Z drugiej stronyPutin prawie nie wykazywał żadnych oznak poważnego zainteresowania umową zawierającą nie tylko pełną kontrolę nad Ukrainą. Komentarze Trumpa we wtorek były nie tylko twarde naprzeciwko Putina; Wydaje się, że odzwierciedlają głębszą frustrację, którą jego rosyjski odpowiednik mógłby go zatrzymać. Być może Trump faktycznie wierzył w swoje umiejętności negocjacyjne i czuje, że Putin utrzymywał go głupcem.
Rzeczniczka Ministerstwa Spraw Zagranicznych, Tammy Bruce, została we wtorek poproszona, jak pogodzić komentarze Trumpa z lutego z jego ostatnimi oświadczeniami, i wskazała, że Trump faktycznie reagował na nowe warunki. „Jest osobą otwartą, ale nie naiwną” - powiedział Bruce. „Ma zasady i jest jasny w tym, co chce osiągnąć. Widzimy to”.
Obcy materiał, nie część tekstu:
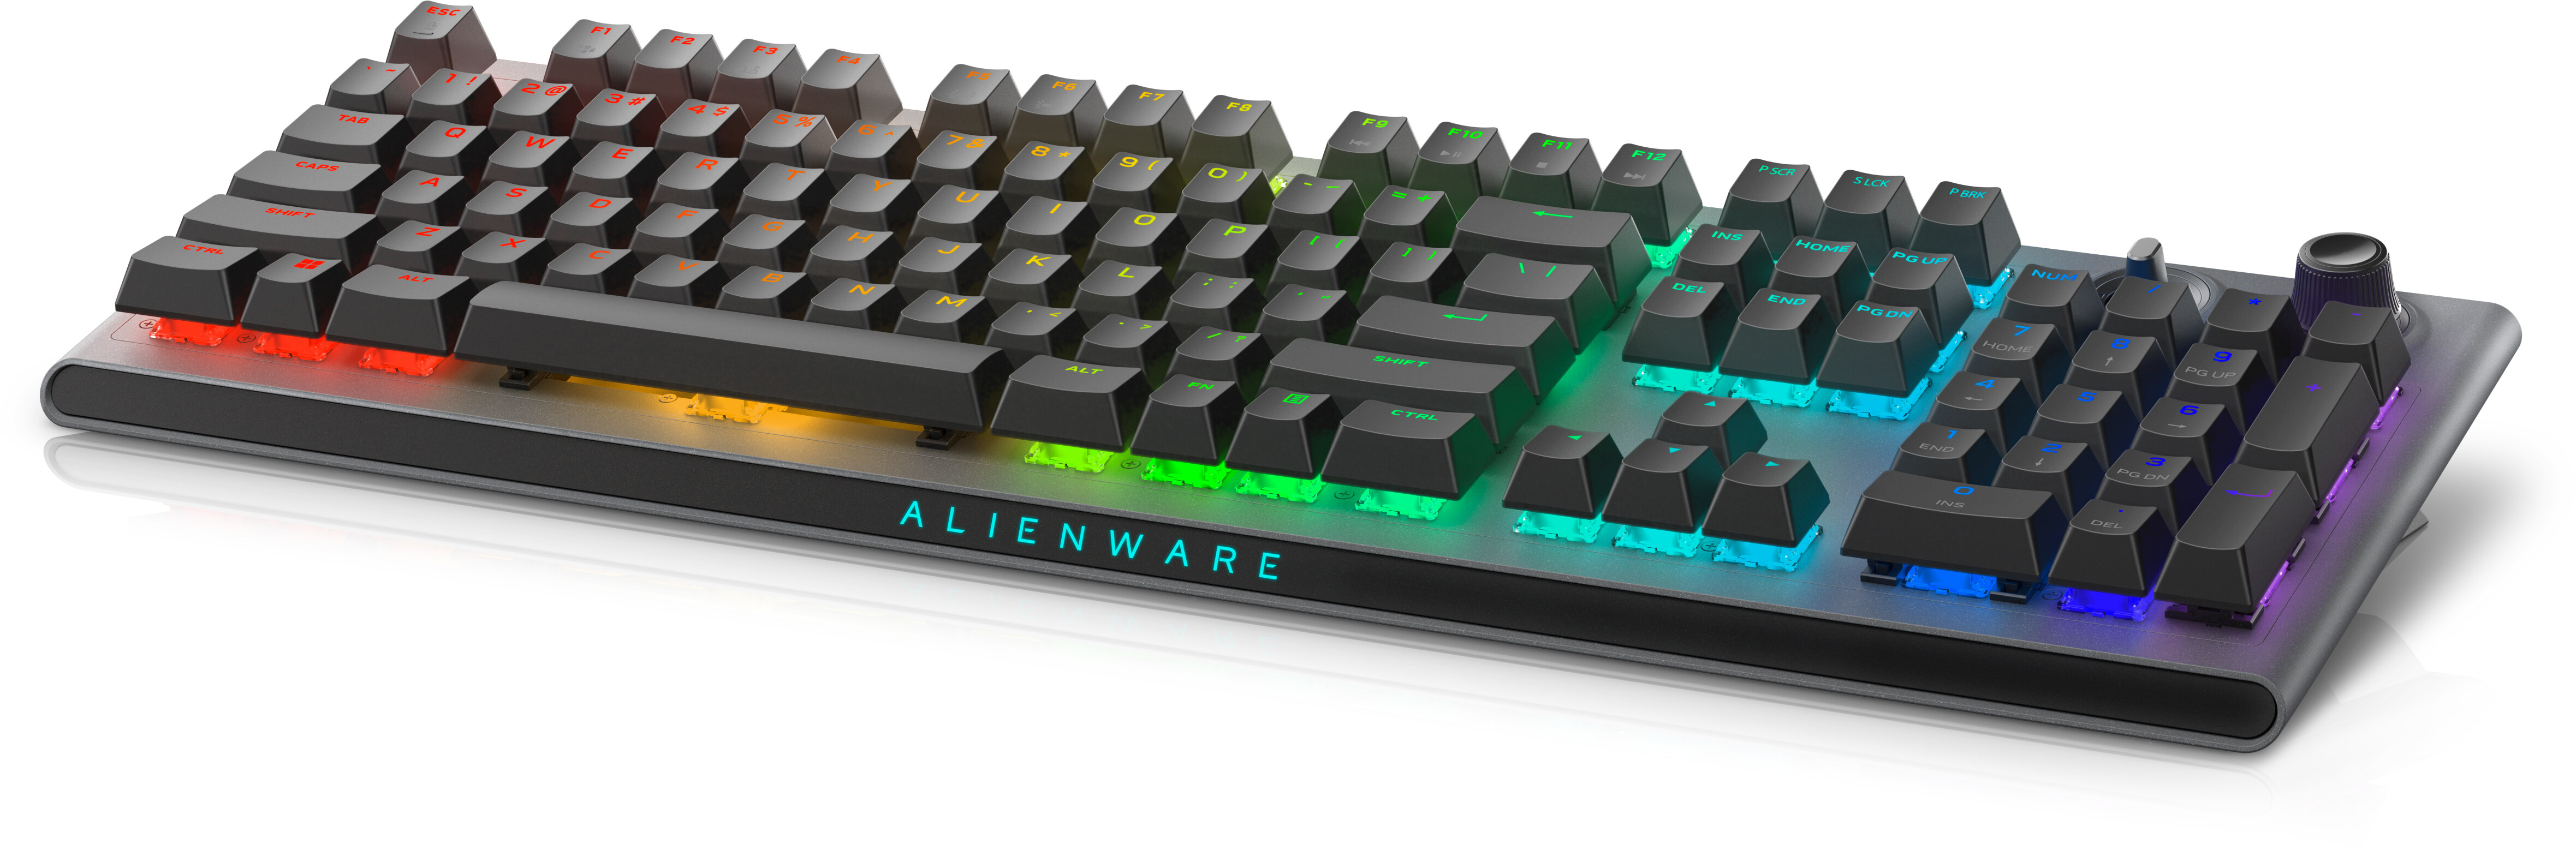 https://i.dell.com/is/image/DellContent/content/dam/ss2/product-images/peripherals/alienware/peripherals/alienware-trimode-920k-wireless-keyboard/media-gallery/dsotm/keyboard-alienware-aw920k-black-gallery-4.psd?fmt=pjpg&pscan=auto&scl=1&wid=4719&hei=1558&qlt=100,1&resMode=sharp2&size=4719,1558&chrss=full&imwidth=5000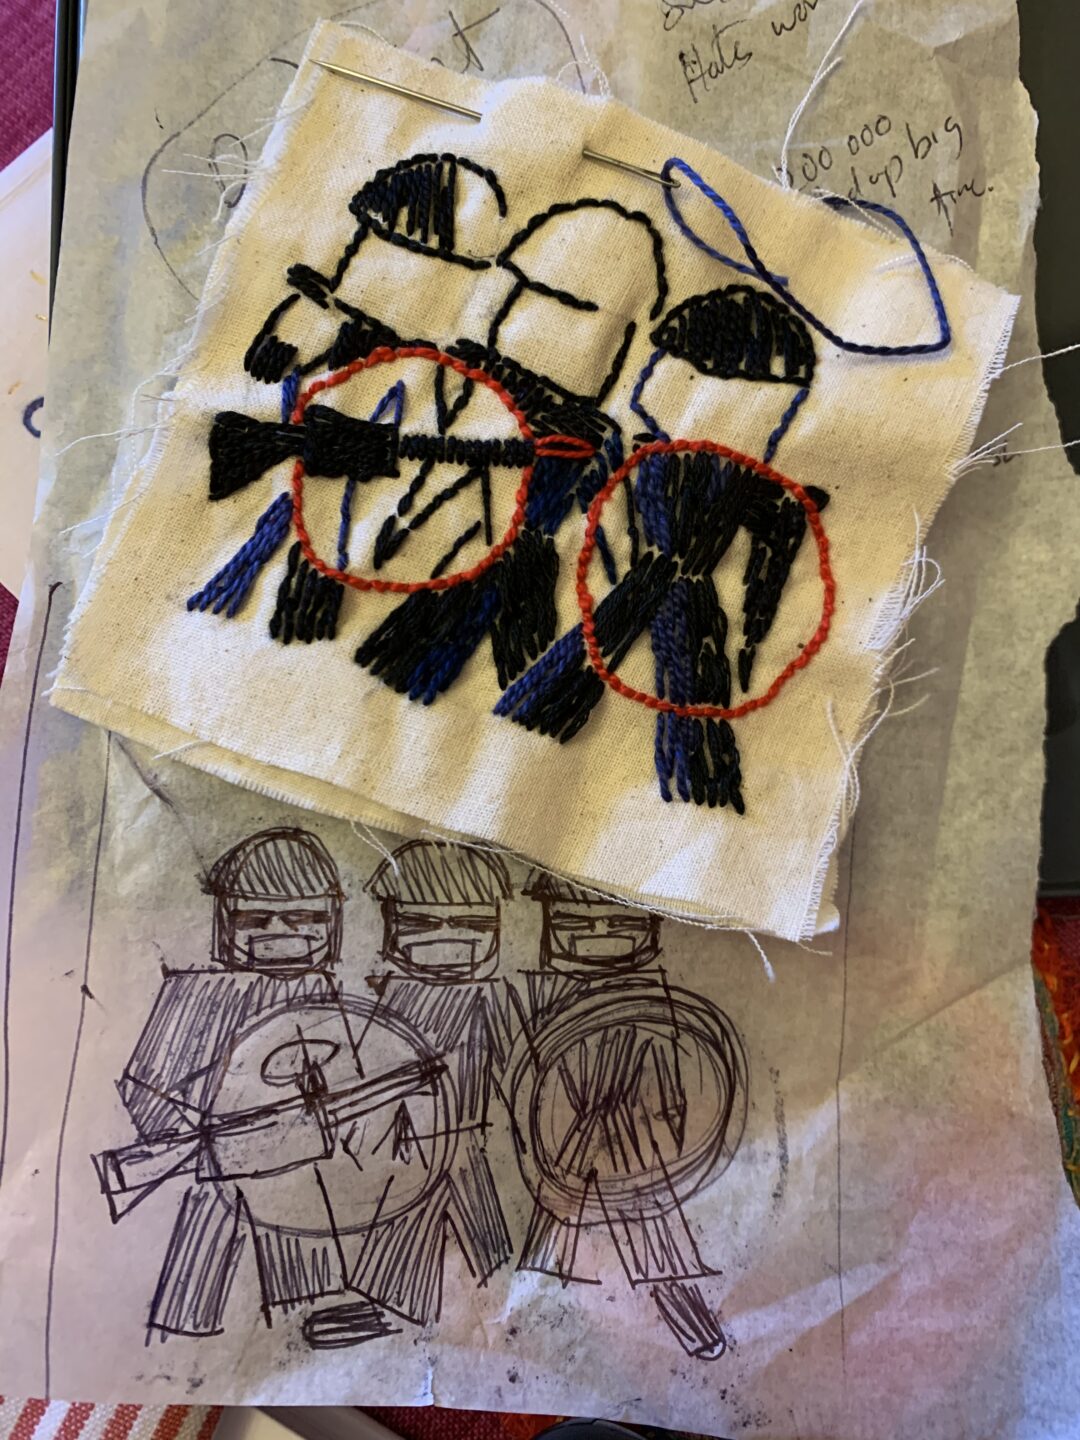 A hand stitched square and accompanying drawing o three figures probably police

Można zrozumieć, że Trump dochodzi do tej wiedzy - choć późno - po wydarzeniach z ostatniego tygodnia. Krótko po wezwaniu do Putina Rosja przeprowadził swój największy atak dronów na Ukrainę. I nikt nie powinien nie doceniać w tym roli dumy i czynników domowych. Trump dał Putina więcej zaufania niż prawie każdy inny zachodni przewodnik. Odmówił wydania moralnych osądów na temat władcy, którego taktyka i konsolidacja władzy najwyraźniej podziwiają.
Ale trafienie na stronę w konflikcie Ukrainy to nie tylko moralna decyzja; Chodzi również o Realpolitik. Być może ta ważna uwaga obliczeniowa dla Trumpa również się zmieni.
Tylko czas pokaże, w którym kierunku rozwijają się rzeczy.